Niamh Algar in Censor. Photograph: courtesy Sundance Institute

Censor | Cinema

Gary Raymond reviews Censor, the feature-length horror debut of writer-director Prano Bailey Bond, set during the apex of the Video Nasty controversy. 

There was a moment when watching Censor, the directorial feature debut of Prano Bailey Bond, when I realised I was watching a preview copy of a movie about a woman who watches preview copies of movies for a living, and it became immediately clear this particular movie would be indulging in a little playful interactive fun with its viewer. Few people watching would be doing so with a pirate-proofing disclaimer emblazoned across the bottom of the screen, of course, but in this instance, it got me thinking. It got me thinking that a critic and a censor might man the same battlements for a filmmaker, the one that needs to be navigated for the artistic vision of the director (in this case writer-director) to finally reach the public. Would it be that the critic’s interjection was half so influential, but the censor, particularly in the golden age of the early eighties, when Censor is set, when video nasties meant the job of censor was headline news, really did hold some power. A snip here, a snip there. It seems from the first five minutes or so that this will be the canvass on which Bailey Bond will explore this idea of creative control, and who gets to decide what is and isn’t available for public consumption. The censor has a say in the relationship between artist and consumer, artist and fan. The censors walk a delicate step across a thin blood red line. On the one side you have the libertarian horror fan, glutinous for gore and the power of the shock, and on the other side, represented here in flashes of audio and visual, the puritanical naysayers like Mary Whitehouse and Margaret Thatcher. In between, you have a host of interesting characters, including the tabloid press and the auteurs who believe the graphic rape of a female character on screen is some bold artistic statement. Censor flashes a swift lens across all these facets with a smart eye and an intelligent, lean script, but also does well to remember that this is a film about a woman losing her mind.

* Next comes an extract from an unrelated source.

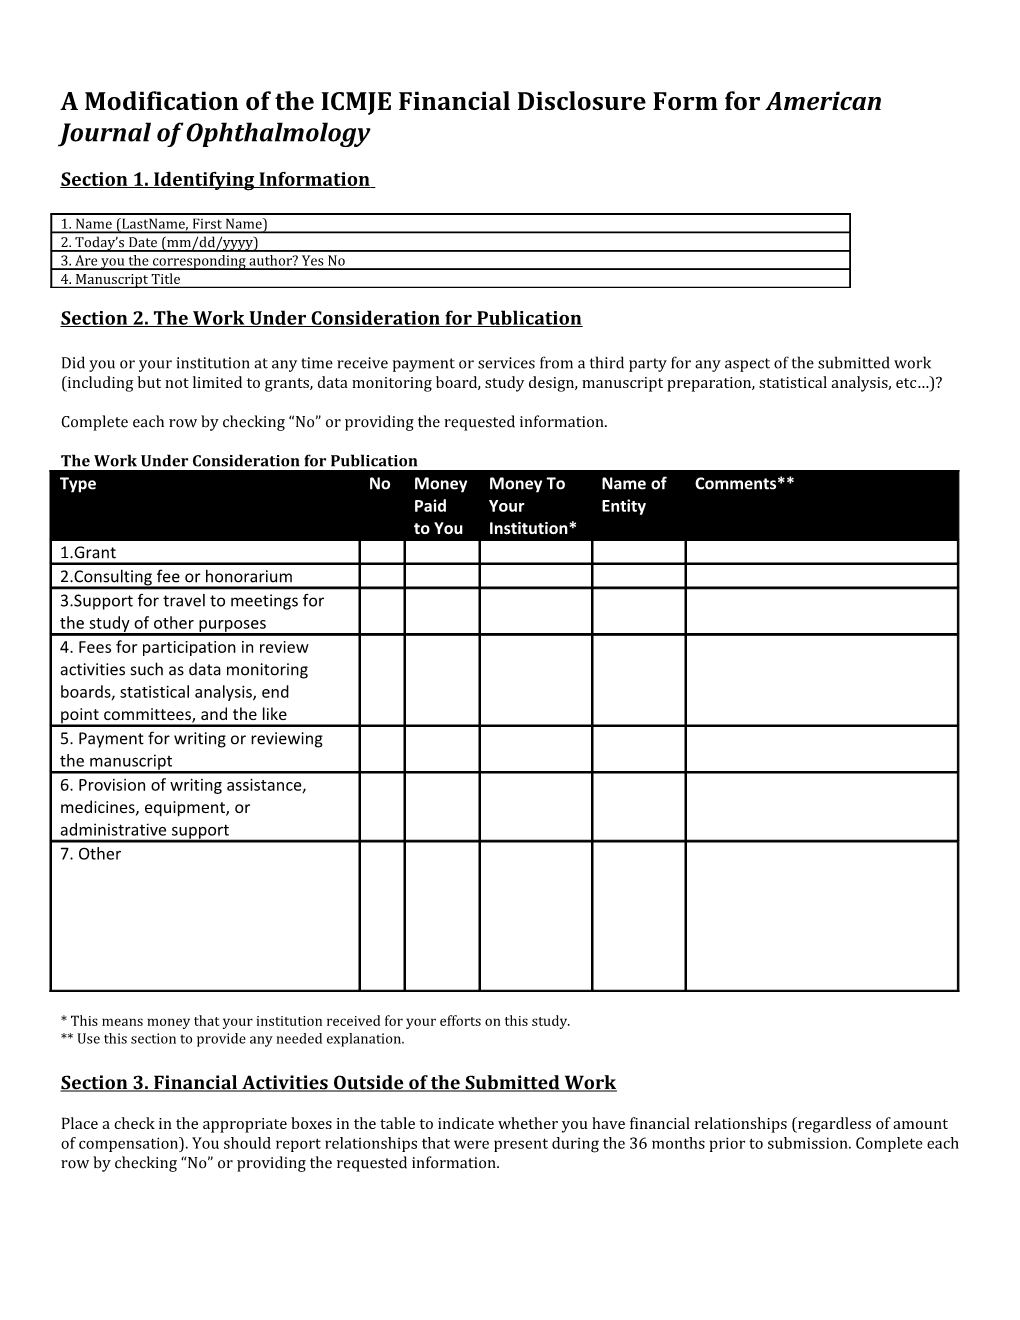 A Modification of the ICMJE Financial Disclosure Form for American Journal of Ophthalmology

There’s some fun to be had with the subject of the debates around video nasties at the time. Early on, some truly disgusting scenes, some cut, some passed through, are described in delicious throwaway detail by the beige bureaucrats of the BBFC. It’s a shame this smart comedic strand doesn’t stick it out. Censor is a well-made, clever piece of work, but it could have done with some lightness of touch as the world carefully constructed by Baily Bond unravels for her protagonist. It loses its sense of humour the deeper it gets into the darkness of its psychological horror. And the deeper into that it gets, the less convincing it is as a horror movie. Hats off to its homages – Driller Killer is the standard bearer for the video nasty with a lingering clip, but there’s a nod at Fulci here, a fleshy wink at Cronenberg over there, of course a bit of Argento, James Bryan, and the Italian cannibal directors – but Censor is a better movie on the politics than it is on the shocks. (There is one particular death scene involving an award statue that doesn’t quite pack the punch it might have done). That it delivers a wild and axe-y ending is satisfying to an extent, but it’s perhaps a little too roughly cut (the ultimate homage?) to totally make sense. But there’s nothing wrong with a movie that demands repeat viewings, and Censor is undoubtedly one of them.

That Niamh Algar’s Enid will find herself in a maddening, grizzly climactic scenario is never in doubt (Algar is utterly excellent throughout – chilling and completely sympathetic). You don’t need to be versed in the lore of the horror movie to know where this is going. Enid is focussed, emotionally isolated, never having got over the mysterious disappearance of her sister when they were kids. Just as her parents inform Enid that they are officially declaring Nina dead, she is scheduled in to evaluate a shocker from an enigmatic and prolific director which appears, at least at first, to have recreated the circumstances of Nina’s demise in the form of a cheap video nasty. Enid becomes convinced the actress screaming and flinging herself through the movie is in fact her sister, now all grown up and beckoning Enid through the screen to come reclaim her from whatever her fate may have been all those years ago. And so, Enid’s life, and hair, begins to unravel.

That Censor doesn’t head where you might expect it is a good thing, but also feels like something of a missed opportunity for a resounding note of cinematic resolution. But the journey, the slide, is worth the ticket price. The breaking of the fourth wall is more than just a tease, and the shifting aspect ratio never oversteps into the eyeline enough to spoil the effect it has on shifting from a third person perspective to, presumably, Enid’s own deranged mind’s view.

Censor is an extremely well-crafted piece of work, made by someone who at least knows their eggs when it comes to video nasties, even if the film doesn’t necessarily scream a love for this admittedly hard-to-love genre. Bailey Bond has a good hold of the component parts, and it’s so easy to see how this could have all come up as an unholy mess. But the direction is confident, and Algar’s central performance is a much needed and wisely deployed steady hand, so that by the end, if you’re not entirely sure where you’ve landed, you can be sure those who made the film know exactly where they’ve dropped you off.

 

Gary Raymond is a novelist, critic, broadcaster, and editor of Wales Arts Review.